Data items

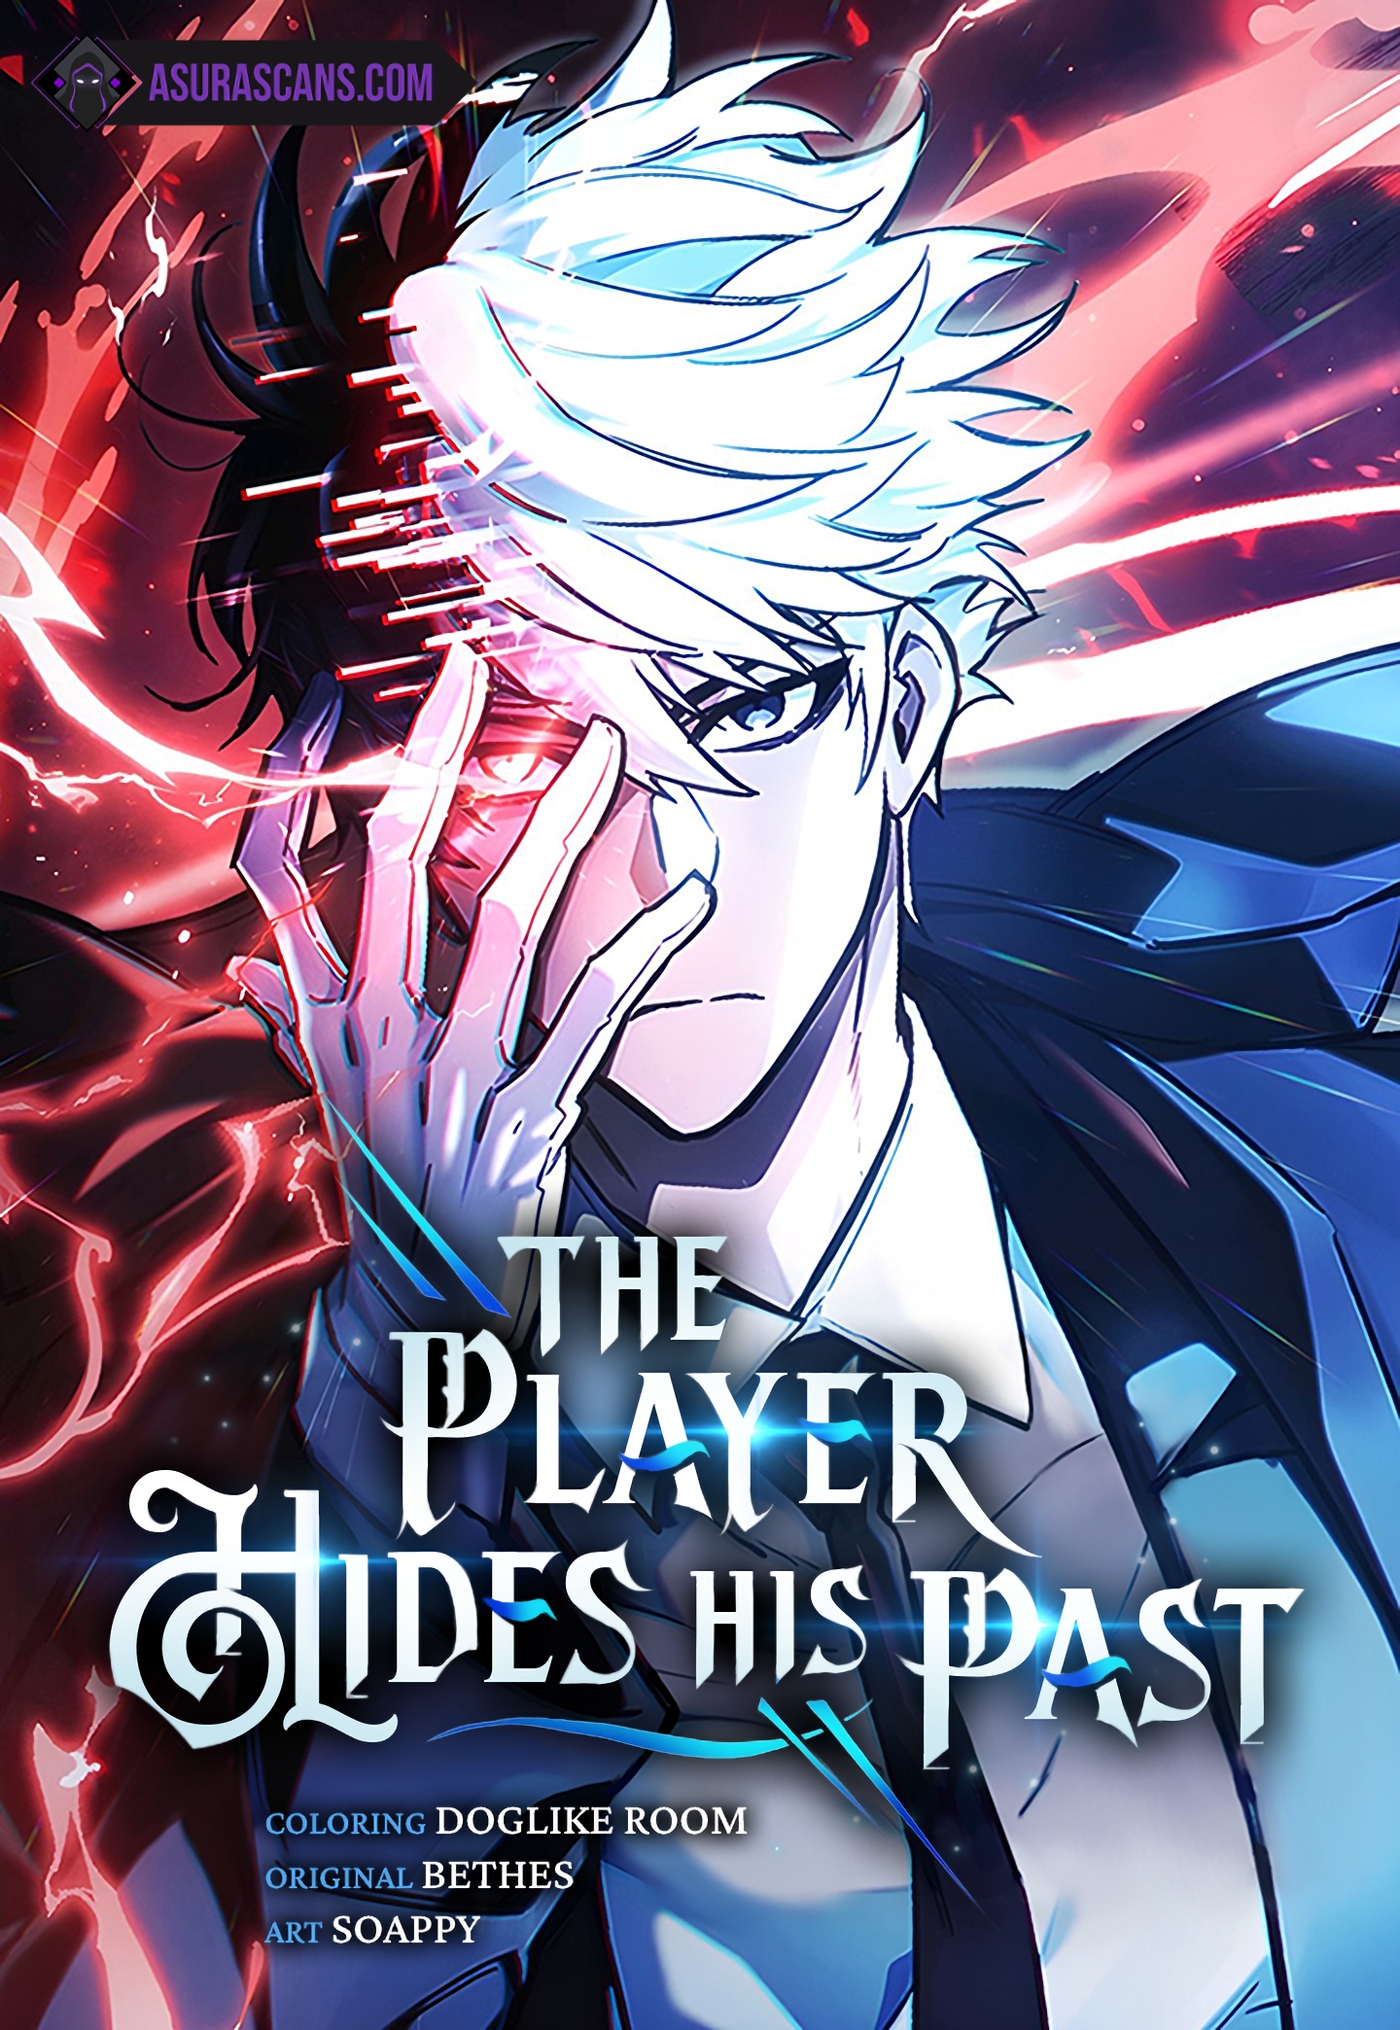 The Player Hides His Past manhwa
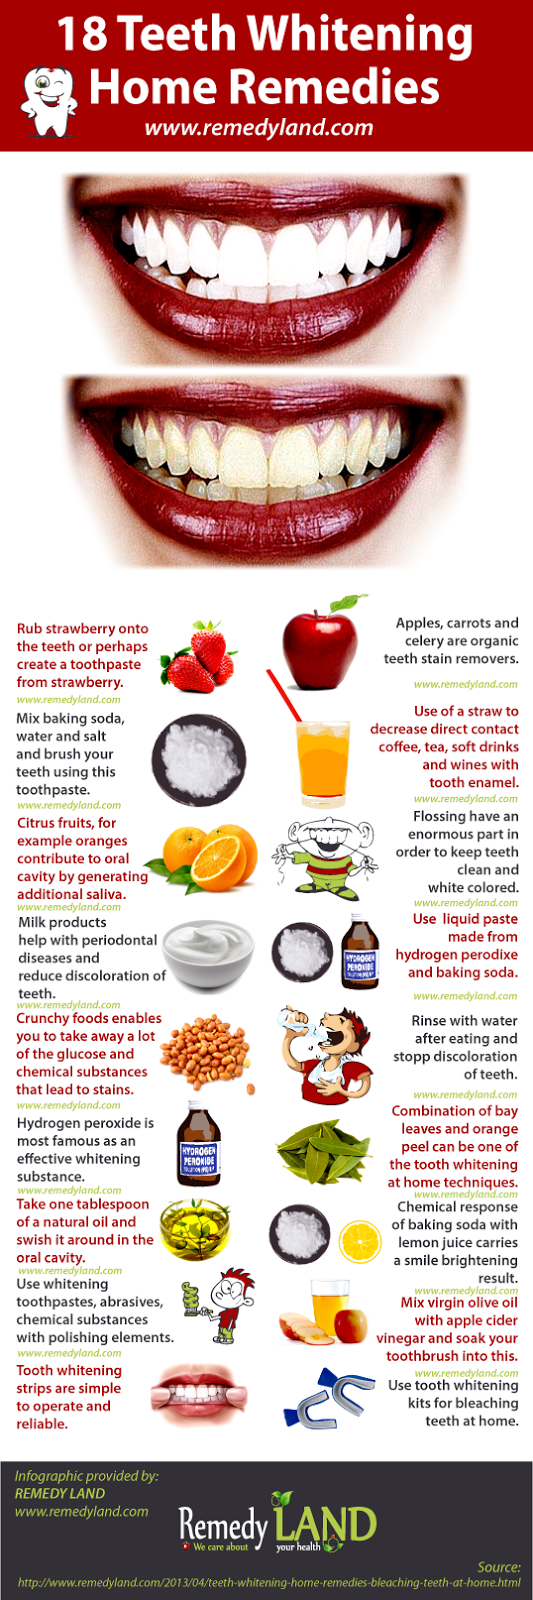 18 Teeth Whitening Home Remedies For Bleaching Teeth At Home - Remedy 
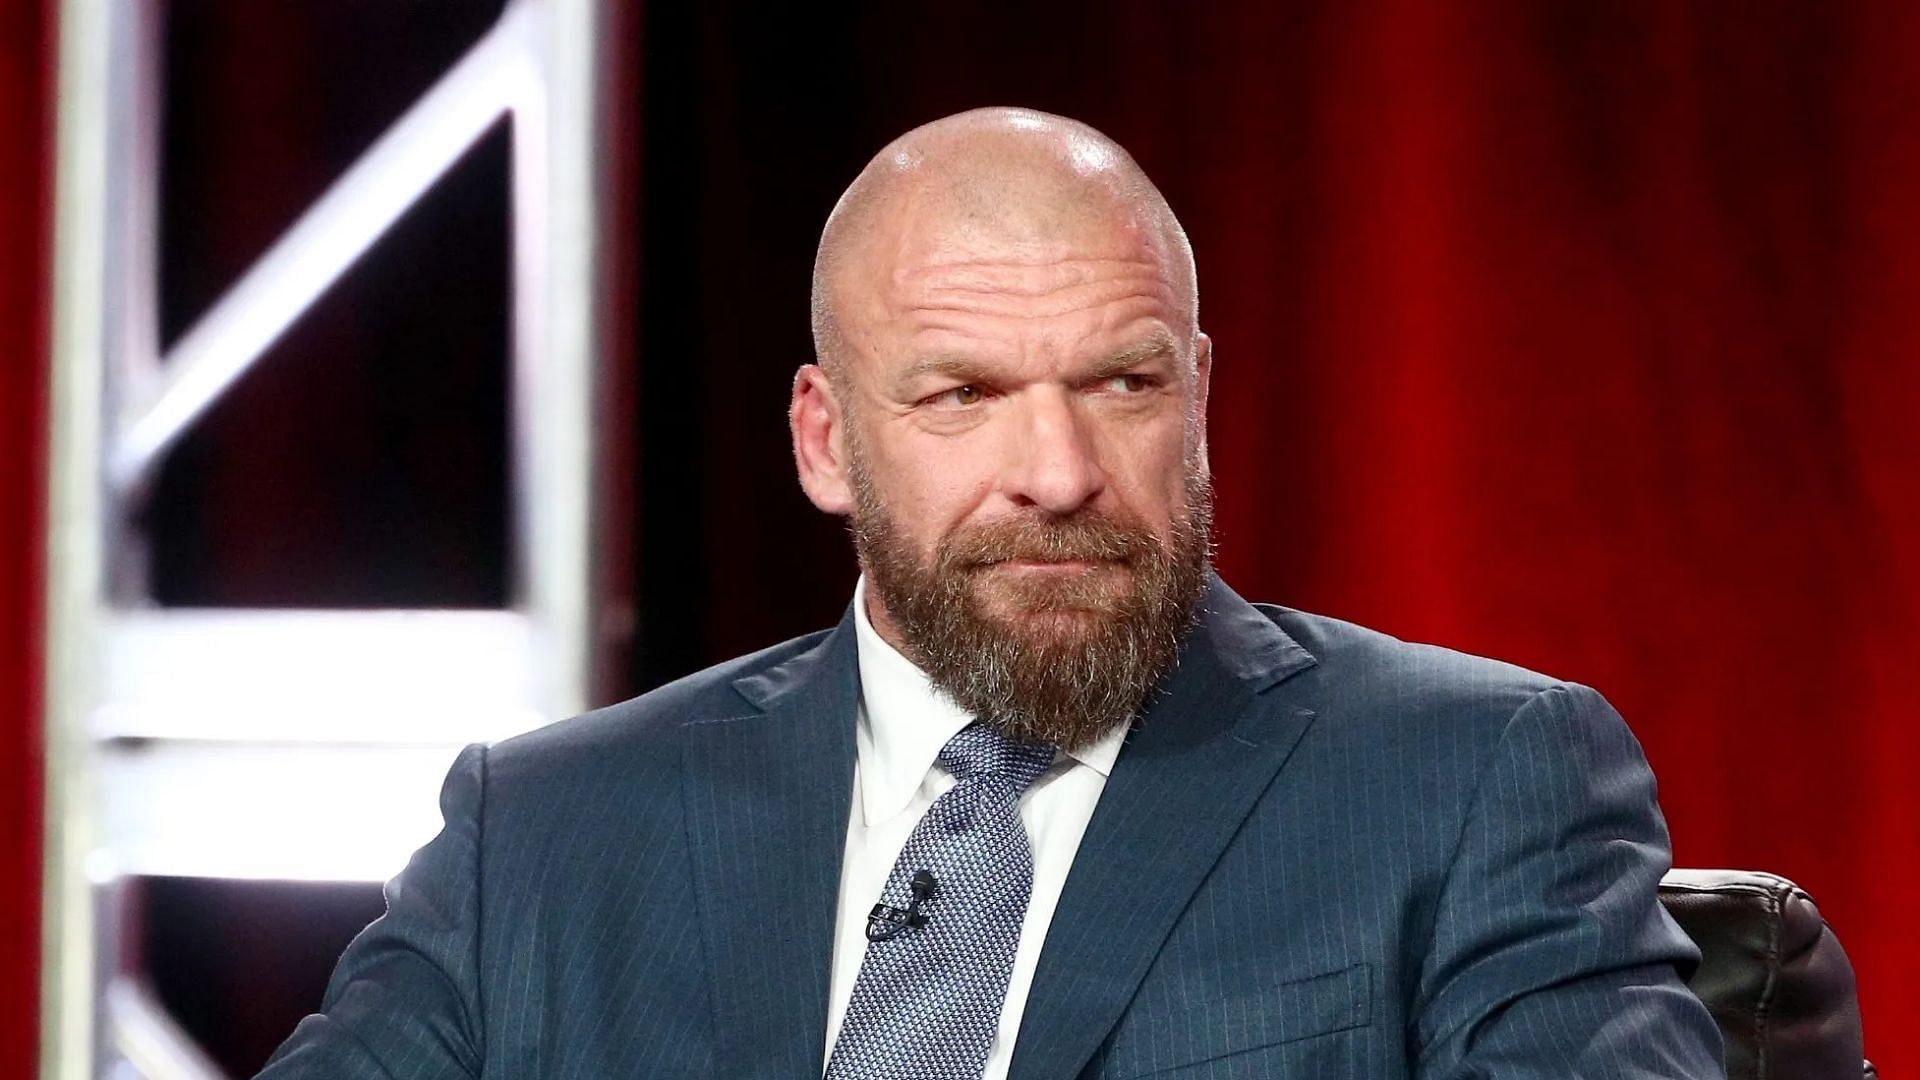 Triple H has brought back the star to WWE
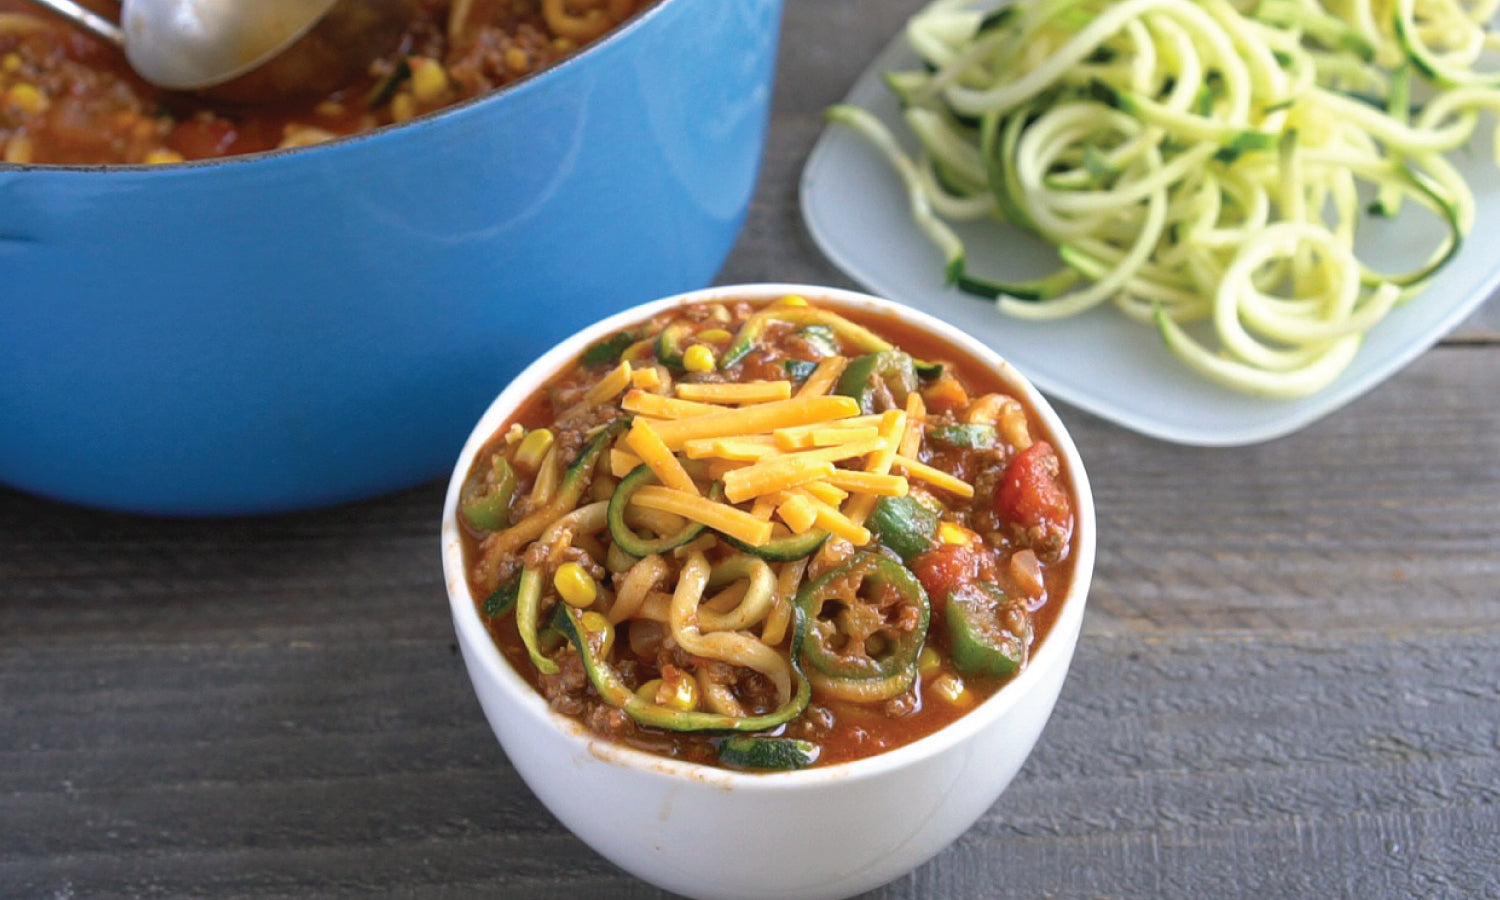 https://www.southernplate.com/healthy-goulash-with-zoodles/
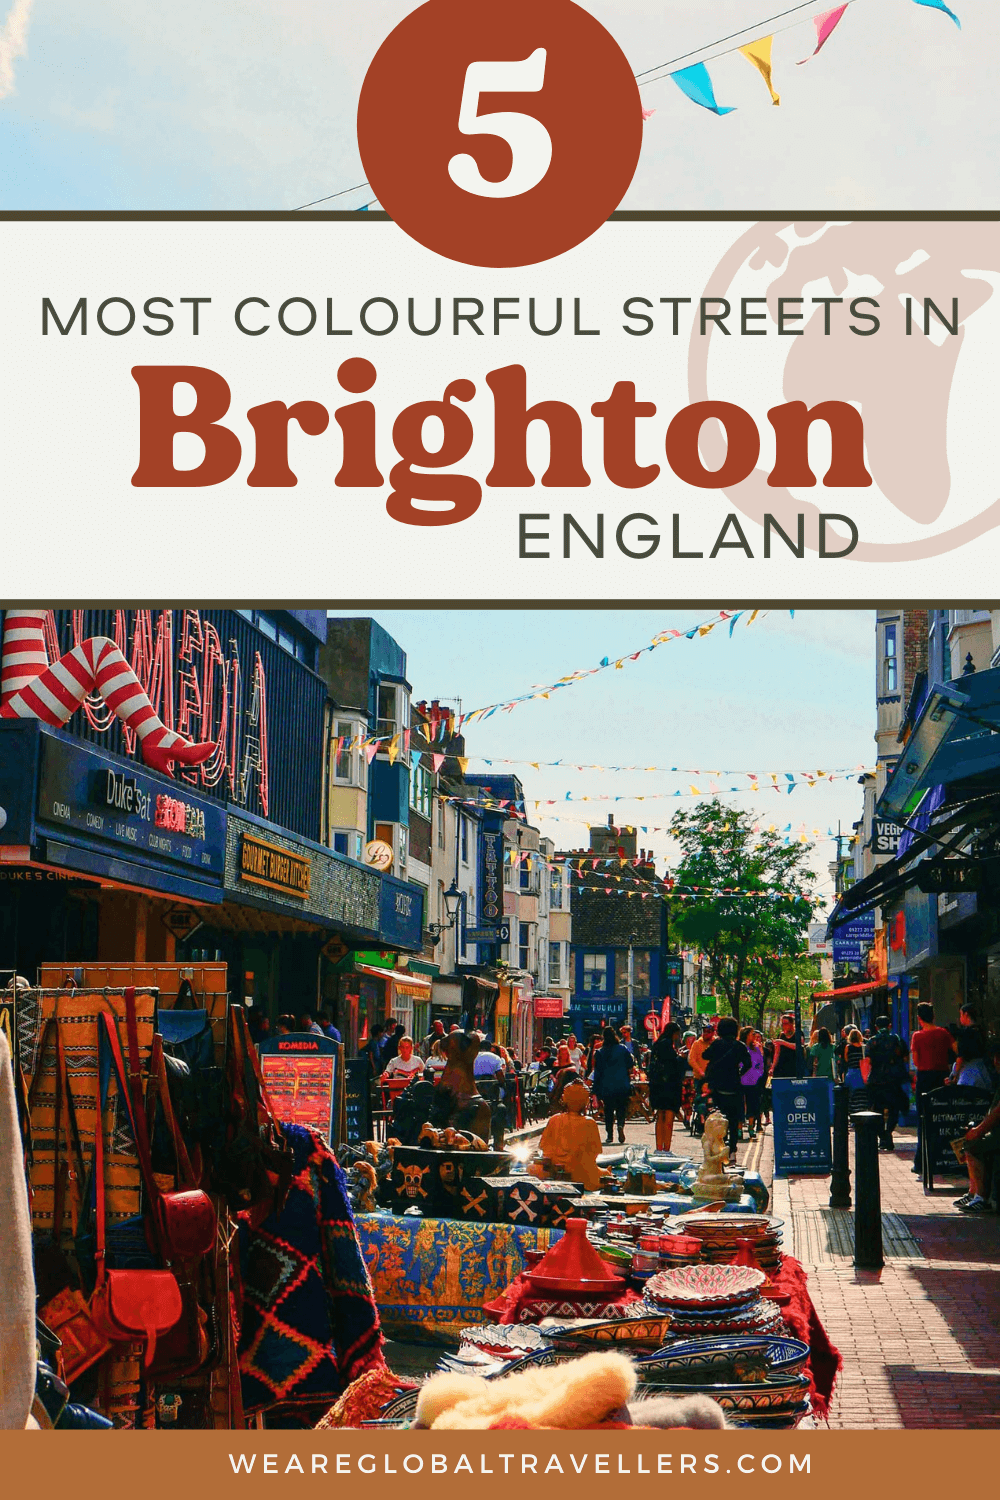 The most colourful streets in Brighton, England

WHAT YOU WILL DO
Going through the records above line by line, transcribe each one exactly and skip any pictures.

SOLVED PROBLEM
 The Player Hides His Past manhwa
 18 Teeth Whitening Home Remedies For Bleaching Teeth At Home - Remedy 
 Triple H has brought back the star to WWE
 https://www.southernplate.com/healthy-goulash-with-zoodles/
 The most colourful streets in Brighton, England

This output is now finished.